The pre-test probability of IBD among suspected IBD patients were based on pooled estimates [9], with 32% for adults and 61% for children. Depending on provider-specific practice differences between gastroenterologists, patient demographic differences, and differences in patient preferences, the variance of the pretest probability of true IBD is likely very large and will show substantial real-life variation from these two estimates. Supporting this fact, studies included in meta-analysis reported this large variance in the pre-test probability of IBD in both groups (14% to 68% in adults and 51% to 80% in pediatrics). Our sensitivity analysis takes this variance into consideration.

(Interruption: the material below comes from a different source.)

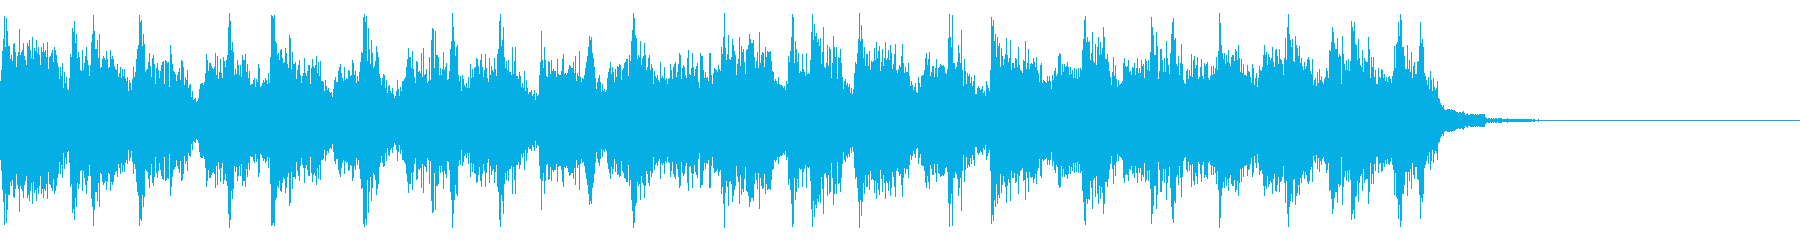 ロック風なアテンション音の再生済みの波形
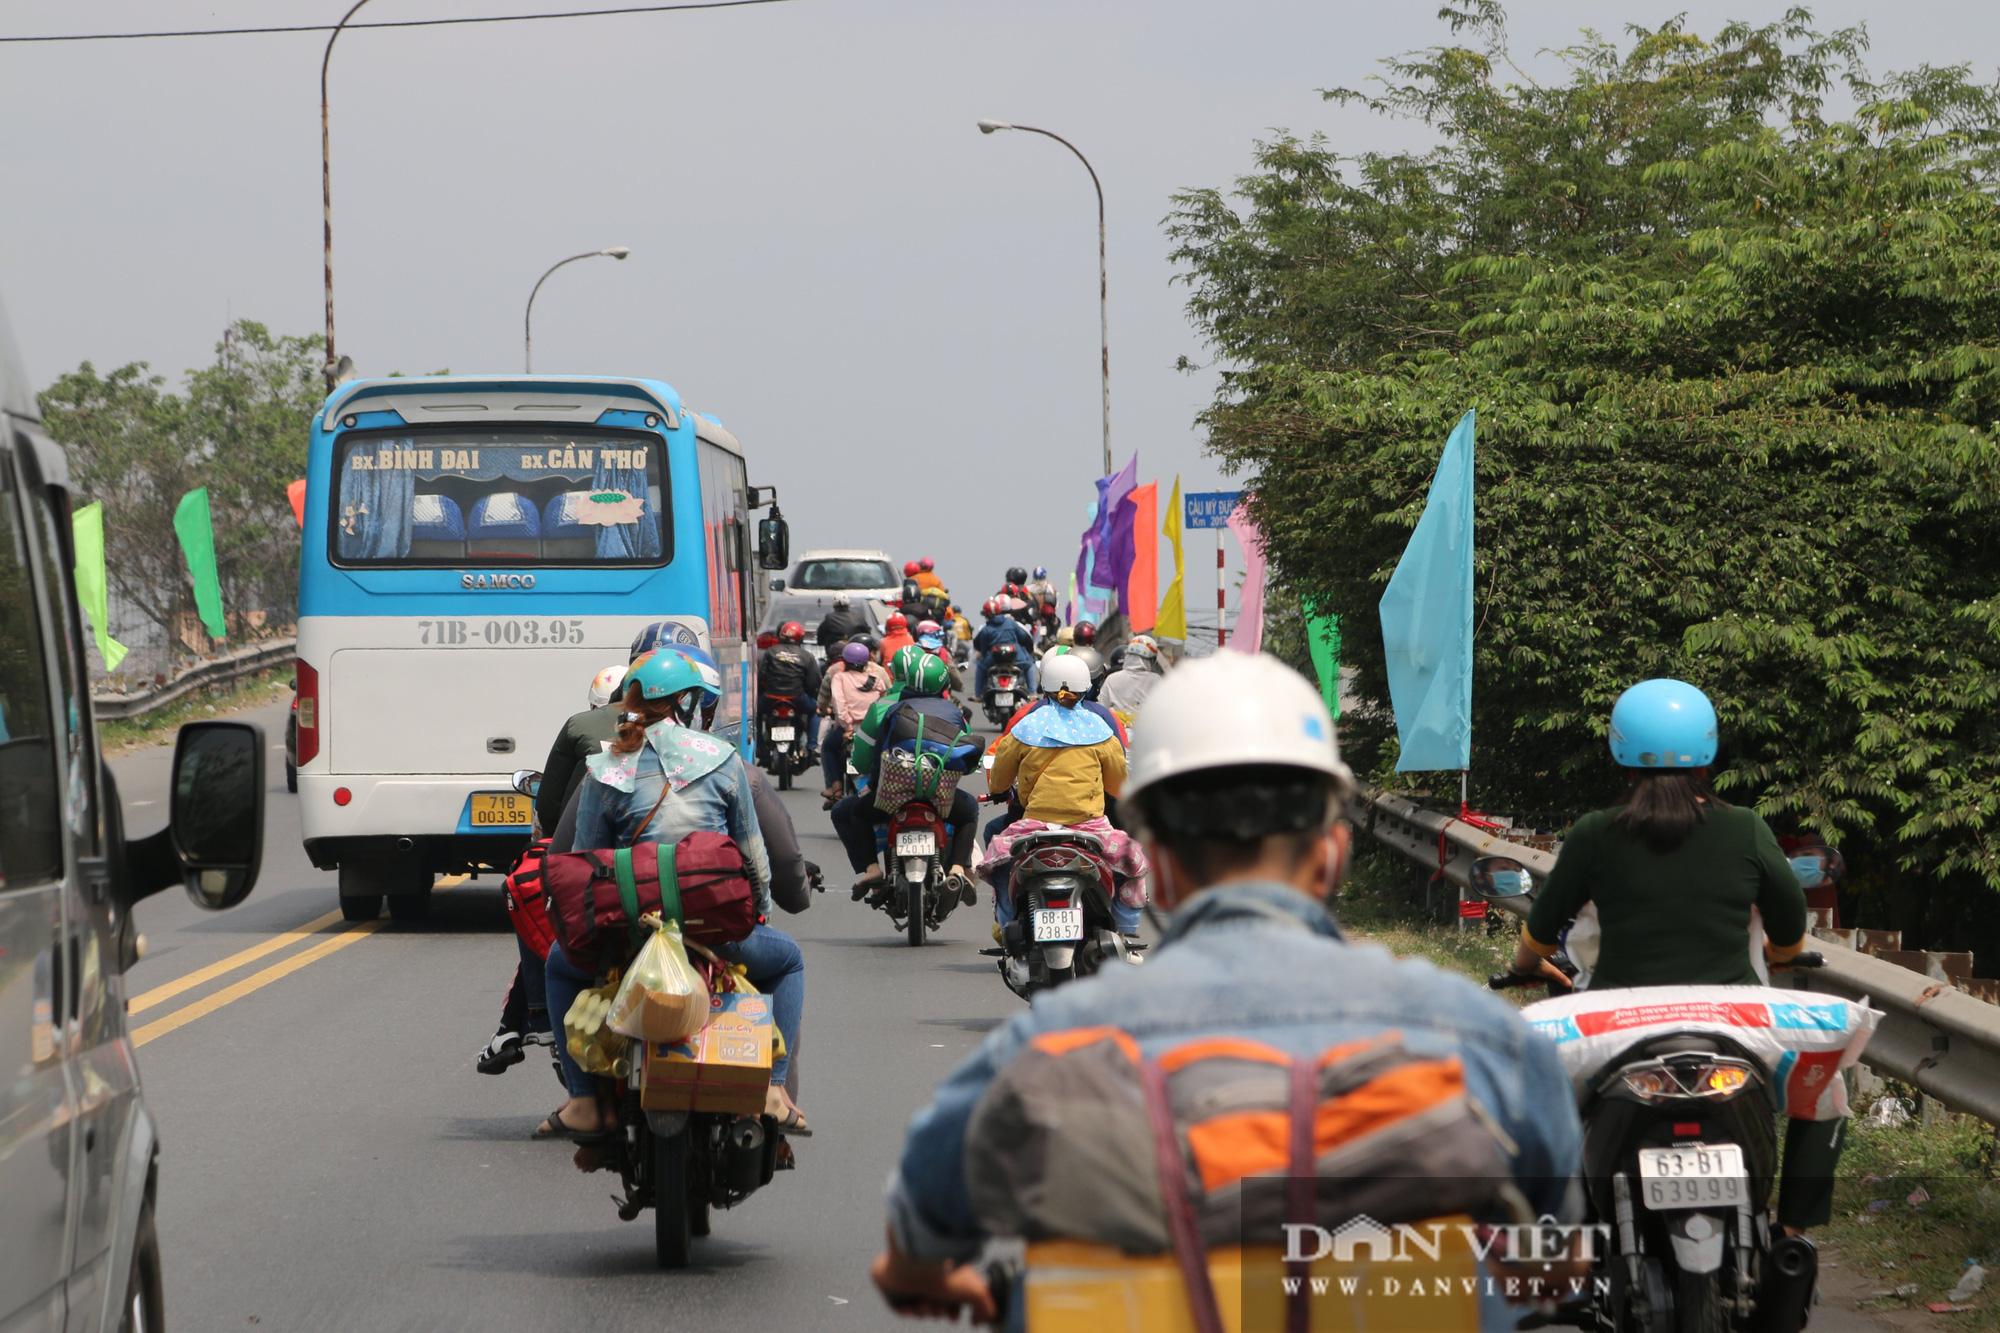 Người dân miền Tây về TP.HCM ngày mùng 5 Tết: Di chuyển dễ dàng - Ảnh 8.

Proportion of non-IBD patients undergoing DEE

A prior investigation by Dubinsky et al [19] estimated a 50% probability for this input value based on 5 gastroenterology clinicians’ experience. We took this estimate into consideration, and also polled 4 pediatric and 5 adult faculty gastroenterologists at Lucile Packard Children’s Hospital and Stanford University Medical Center. The probability estimate for pediatric patients ranged from 20% to 50%. Our model used 35% as the base case value in children. The probability estimate for adult patients ranged from 60% to 90%, but was potentially left-skewed by a general consensus that second-opinion referrals from community-based gastroenterologists to academic practices are generally common, thereby potentially increasing this probability. To maintain consistency with literature, our model used the lower bound, 60%, as the base case value in adults.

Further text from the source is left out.